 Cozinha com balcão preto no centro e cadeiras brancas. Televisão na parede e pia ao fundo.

+++

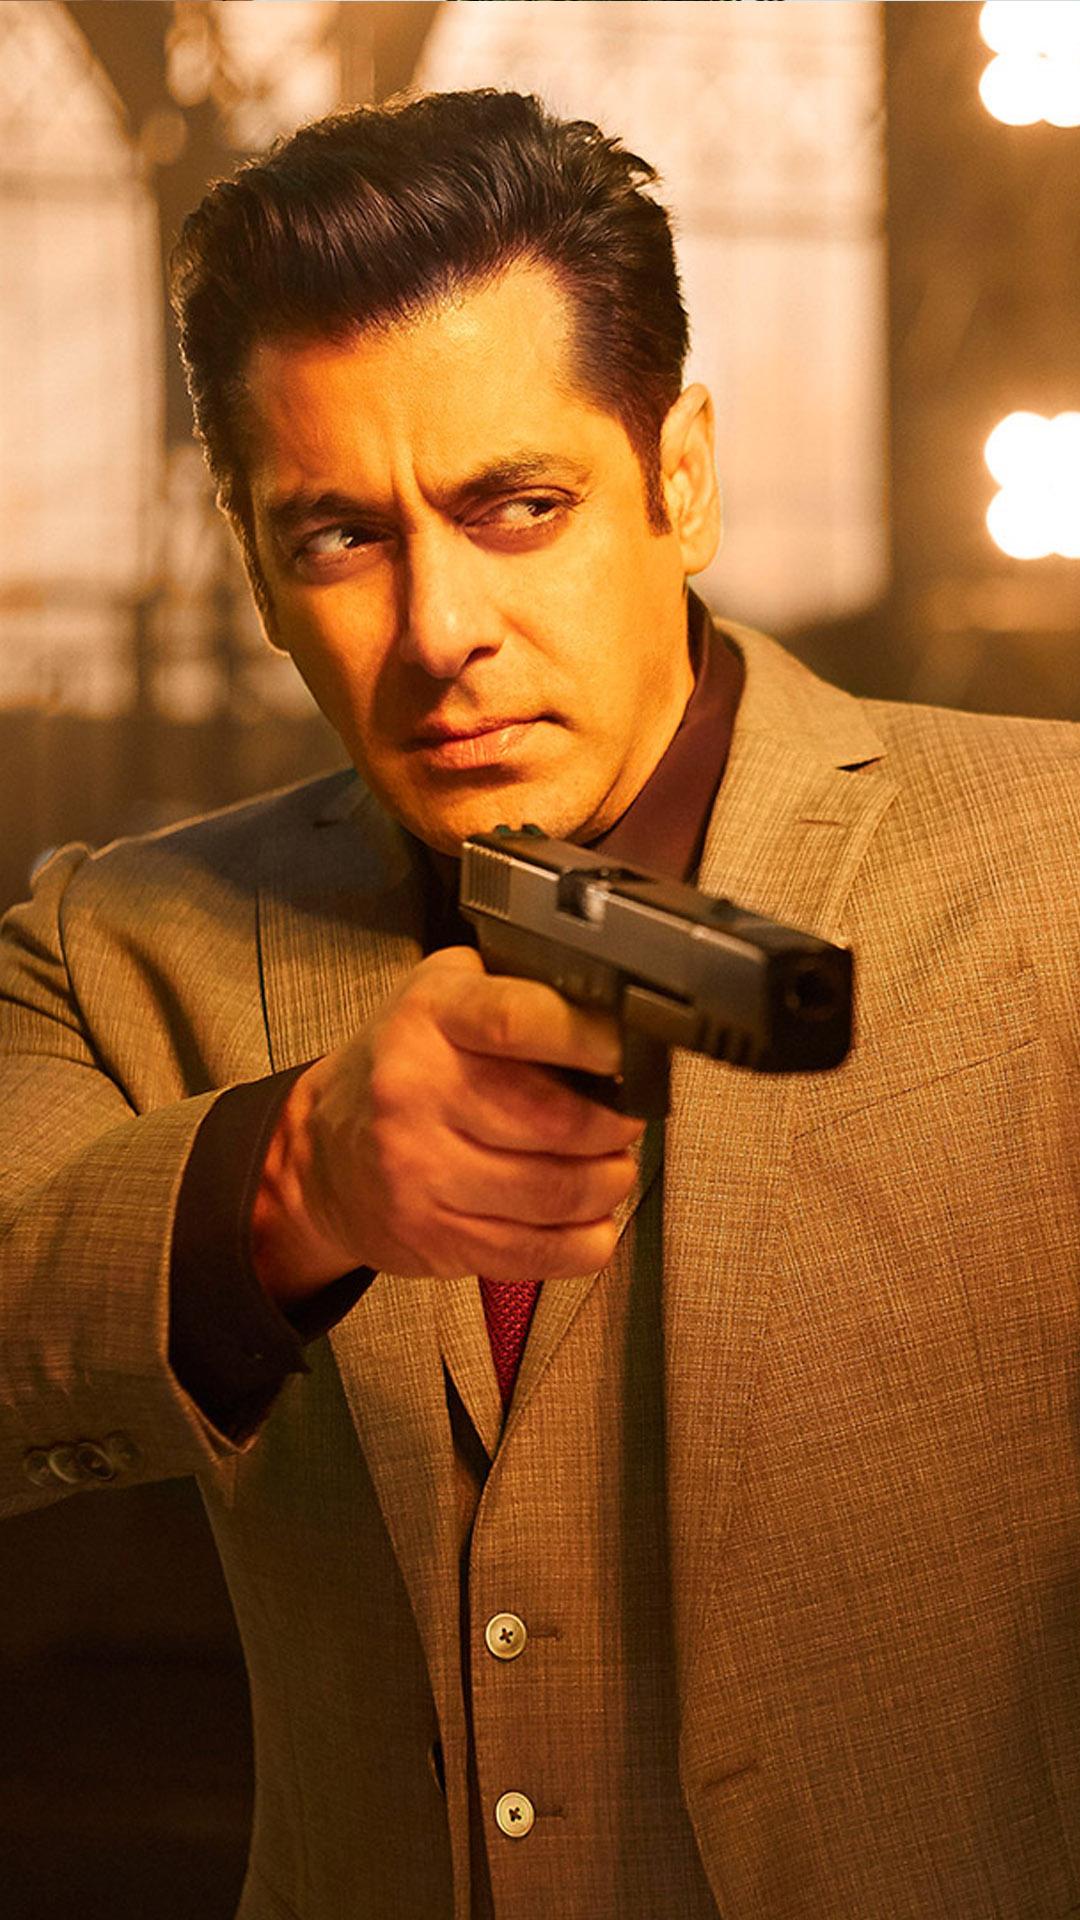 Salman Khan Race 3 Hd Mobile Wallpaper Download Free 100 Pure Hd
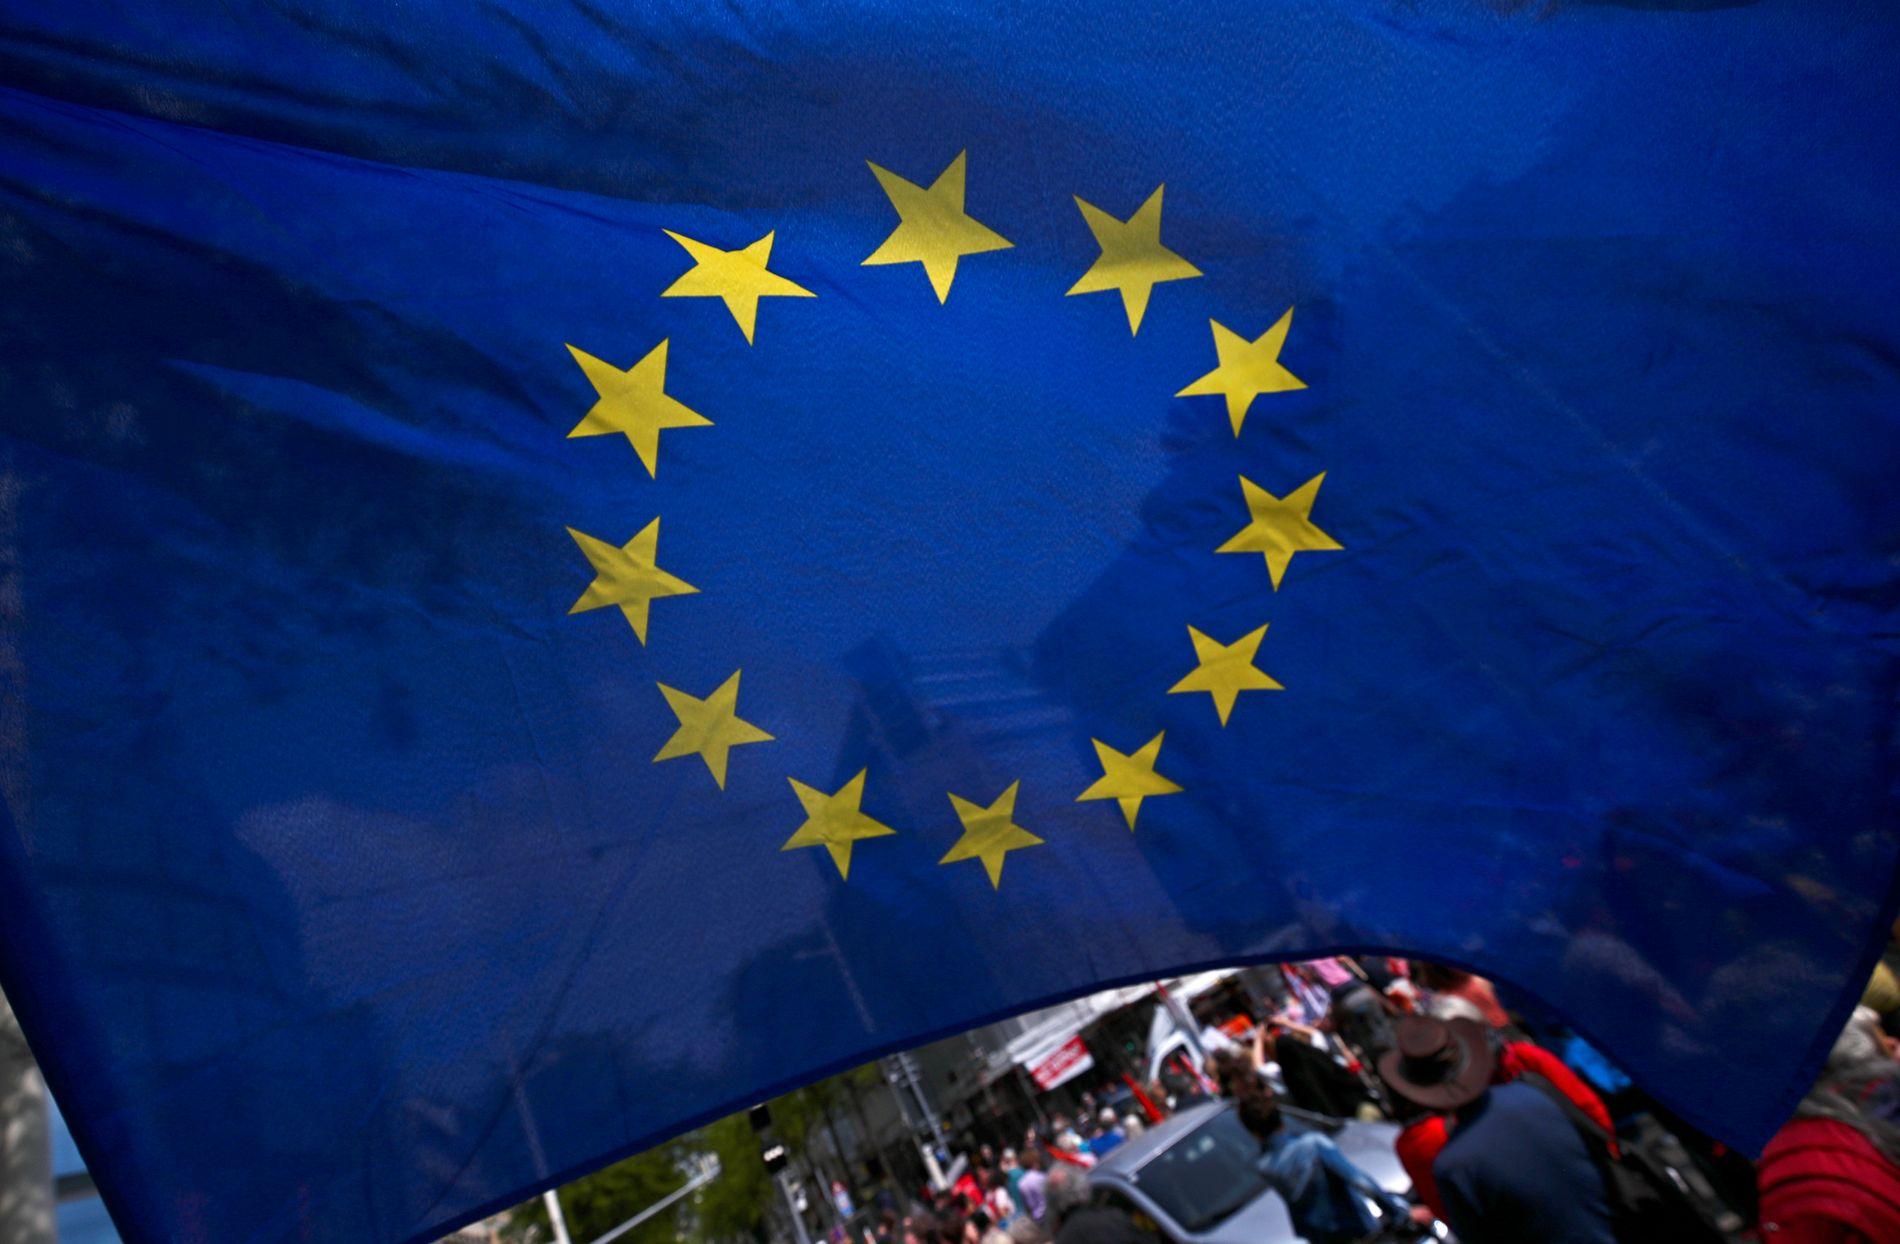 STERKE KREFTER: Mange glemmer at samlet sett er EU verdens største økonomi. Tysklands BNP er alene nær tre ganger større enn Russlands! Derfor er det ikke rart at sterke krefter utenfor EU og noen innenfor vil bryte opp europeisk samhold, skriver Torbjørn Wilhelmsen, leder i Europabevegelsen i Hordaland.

+++

• **Task details**:
The material above holds pictures; leave them out and set down exactly the lines from the line with "Salman Khan Race" to the line with "STERKE KREFTER: Mange", both included.

• **The answer**:
 Salman Khan Race 3 Hd Mobile Wallpaper Download Free 100 Pure Hd
 STERKE KREFTER: Mange glemmer at samlet sett er EU verdens største økonomi. Tysklands BNP er alene nær tre ganger større enn Russlands! Derfor er det ikke rart at sterke krefter utenfor EU og noen innenfor vil bryte opp europeisk samhold, skriver Torbjørn Wilhelmsen, leder i Europabevegelsen i Hordaland.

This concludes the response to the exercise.